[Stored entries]
**********

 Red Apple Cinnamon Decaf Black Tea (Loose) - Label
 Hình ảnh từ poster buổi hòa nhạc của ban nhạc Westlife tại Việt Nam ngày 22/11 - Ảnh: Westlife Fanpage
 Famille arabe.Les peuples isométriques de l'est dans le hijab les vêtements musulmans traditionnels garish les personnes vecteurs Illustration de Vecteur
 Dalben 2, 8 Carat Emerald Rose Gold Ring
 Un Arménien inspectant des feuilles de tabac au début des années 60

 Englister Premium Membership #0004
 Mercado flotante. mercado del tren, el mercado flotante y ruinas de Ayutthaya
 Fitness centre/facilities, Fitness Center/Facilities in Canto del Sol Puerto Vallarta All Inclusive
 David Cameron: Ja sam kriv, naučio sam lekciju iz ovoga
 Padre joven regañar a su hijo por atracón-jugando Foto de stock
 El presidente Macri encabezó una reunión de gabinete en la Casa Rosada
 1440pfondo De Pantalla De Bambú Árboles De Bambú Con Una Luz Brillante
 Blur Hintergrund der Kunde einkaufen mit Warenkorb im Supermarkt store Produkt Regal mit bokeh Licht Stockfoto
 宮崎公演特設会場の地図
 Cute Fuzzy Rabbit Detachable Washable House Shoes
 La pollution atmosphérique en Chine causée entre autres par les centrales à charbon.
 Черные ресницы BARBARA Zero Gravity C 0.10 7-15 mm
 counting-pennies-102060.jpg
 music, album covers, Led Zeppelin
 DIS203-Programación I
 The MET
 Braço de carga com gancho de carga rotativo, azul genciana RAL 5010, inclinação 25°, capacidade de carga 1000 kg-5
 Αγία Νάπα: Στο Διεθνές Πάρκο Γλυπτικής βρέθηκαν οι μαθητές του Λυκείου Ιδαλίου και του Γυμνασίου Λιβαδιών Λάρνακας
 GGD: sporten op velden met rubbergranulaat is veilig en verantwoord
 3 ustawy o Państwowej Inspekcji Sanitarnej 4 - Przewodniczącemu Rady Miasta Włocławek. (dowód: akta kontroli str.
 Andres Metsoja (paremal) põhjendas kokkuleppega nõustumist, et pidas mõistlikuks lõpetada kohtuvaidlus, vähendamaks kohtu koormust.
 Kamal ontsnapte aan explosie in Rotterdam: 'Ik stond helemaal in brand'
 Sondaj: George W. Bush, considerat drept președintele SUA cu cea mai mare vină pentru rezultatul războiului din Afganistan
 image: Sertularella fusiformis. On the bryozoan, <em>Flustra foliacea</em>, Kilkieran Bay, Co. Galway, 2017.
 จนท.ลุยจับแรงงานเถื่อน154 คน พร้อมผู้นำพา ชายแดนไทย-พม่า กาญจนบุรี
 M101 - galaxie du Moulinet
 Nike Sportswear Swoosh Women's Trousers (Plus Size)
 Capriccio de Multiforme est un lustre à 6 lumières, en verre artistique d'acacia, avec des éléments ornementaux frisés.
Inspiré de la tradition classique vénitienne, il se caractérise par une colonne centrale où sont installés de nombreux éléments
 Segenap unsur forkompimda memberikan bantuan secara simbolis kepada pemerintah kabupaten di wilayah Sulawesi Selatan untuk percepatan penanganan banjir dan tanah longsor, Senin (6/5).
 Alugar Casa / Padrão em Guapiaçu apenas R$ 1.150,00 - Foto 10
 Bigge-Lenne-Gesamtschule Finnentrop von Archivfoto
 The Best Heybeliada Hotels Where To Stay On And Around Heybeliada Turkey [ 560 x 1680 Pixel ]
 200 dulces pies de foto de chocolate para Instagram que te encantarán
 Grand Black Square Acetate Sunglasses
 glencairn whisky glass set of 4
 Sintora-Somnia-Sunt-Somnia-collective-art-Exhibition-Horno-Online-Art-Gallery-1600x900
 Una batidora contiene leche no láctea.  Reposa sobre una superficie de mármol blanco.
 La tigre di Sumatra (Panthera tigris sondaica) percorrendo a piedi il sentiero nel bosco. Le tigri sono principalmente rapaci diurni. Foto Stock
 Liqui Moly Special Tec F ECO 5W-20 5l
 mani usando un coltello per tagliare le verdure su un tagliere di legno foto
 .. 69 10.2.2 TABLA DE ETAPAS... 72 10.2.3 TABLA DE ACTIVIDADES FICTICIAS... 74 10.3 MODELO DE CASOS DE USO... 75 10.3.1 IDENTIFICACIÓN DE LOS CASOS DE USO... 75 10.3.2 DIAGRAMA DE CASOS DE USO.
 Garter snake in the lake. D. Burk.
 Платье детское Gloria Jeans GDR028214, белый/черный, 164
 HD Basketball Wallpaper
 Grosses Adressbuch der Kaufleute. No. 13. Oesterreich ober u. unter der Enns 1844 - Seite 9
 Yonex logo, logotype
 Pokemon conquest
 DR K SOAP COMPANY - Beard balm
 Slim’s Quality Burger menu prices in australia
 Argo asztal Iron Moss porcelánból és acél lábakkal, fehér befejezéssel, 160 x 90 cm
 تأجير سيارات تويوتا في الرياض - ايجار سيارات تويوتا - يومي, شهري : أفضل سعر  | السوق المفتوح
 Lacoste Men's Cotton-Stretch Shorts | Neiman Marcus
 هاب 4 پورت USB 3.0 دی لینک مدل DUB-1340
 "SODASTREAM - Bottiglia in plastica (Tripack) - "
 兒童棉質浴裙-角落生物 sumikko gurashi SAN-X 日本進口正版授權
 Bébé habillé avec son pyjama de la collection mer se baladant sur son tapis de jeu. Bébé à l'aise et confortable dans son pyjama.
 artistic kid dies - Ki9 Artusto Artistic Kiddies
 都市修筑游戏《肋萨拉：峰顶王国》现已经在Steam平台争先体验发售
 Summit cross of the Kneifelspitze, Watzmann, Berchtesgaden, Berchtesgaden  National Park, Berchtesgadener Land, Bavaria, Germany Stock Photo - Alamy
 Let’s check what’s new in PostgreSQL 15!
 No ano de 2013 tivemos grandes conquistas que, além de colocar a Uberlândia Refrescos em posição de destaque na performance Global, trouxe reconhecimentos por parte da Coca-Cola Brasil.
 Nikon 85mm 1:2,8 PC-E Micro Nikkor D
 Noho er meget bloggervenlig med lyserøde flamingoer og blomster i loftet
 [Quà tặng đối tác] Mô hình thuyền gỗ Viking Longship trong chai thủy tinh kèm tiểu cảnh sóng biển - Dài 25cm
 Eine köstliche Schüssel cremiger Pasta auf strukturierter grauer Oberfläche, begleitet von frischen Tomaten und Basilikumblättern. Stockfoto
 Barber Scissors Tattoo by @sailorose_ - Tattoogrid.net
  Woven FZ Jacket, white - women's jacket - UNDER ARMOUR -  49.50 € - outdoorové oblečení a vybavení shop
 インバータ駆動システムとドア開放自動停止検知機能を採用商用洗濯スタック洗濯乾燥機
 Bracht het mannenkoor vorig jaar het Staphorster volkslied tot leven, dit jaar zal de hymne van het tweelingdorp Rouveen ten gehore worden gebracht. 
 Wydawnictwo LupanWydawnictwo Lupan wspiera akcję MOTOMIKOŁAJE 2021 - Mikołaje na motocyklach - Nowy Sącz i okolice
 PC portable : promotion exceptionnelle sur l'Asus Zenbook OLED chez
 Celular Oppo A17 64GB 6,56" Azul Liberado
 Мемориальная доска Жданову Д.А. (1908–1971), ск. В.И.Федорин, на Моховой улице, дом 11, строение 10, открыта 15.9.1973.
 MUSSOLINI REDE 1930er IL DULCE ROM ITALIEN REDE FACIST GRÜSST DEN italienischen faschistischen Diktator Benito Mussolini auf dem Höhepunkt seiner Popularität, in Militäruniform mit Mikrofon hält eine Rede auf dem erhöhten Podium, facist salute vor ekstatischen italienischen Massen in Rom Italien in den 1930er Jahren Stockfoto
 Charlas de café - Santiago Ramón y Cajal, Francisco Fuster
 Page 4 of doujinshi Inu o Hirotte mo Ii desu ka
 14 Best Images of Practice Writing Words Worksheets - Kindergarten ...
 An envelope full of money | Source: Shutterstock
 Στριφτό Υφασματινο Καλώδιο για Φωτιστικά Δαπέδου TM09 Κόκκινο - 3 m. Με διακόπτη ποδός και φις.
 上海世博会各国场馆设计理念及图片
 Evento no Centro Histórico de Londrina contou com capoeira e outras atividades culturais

**********

## YOUR INSTRUCTIONS
Look through the entries above and quote exactly the lines from the line with "Αγία Νάπα: Στο" to the line with "3 ustawy o Państwowej", counting both of those lines.

## TASK OUTPUT
 Αγία Νάπα: Στο Διεθνές Πάρκο Γλυπτικής βρέθηκαν οι μαθητές του Λυκείου Ιδαλίου και του Γυμνασίου Λιβαδιών Λάρνακας
 GGD: sporten op velden met rubbergranulaat is veilig en verantwoord
 3 ustawy o Państwowej Inspekcji Sanitarnej 4 - Przewodniczącemu Rady Miasta Włocławek. (dowód: akta kontroli str.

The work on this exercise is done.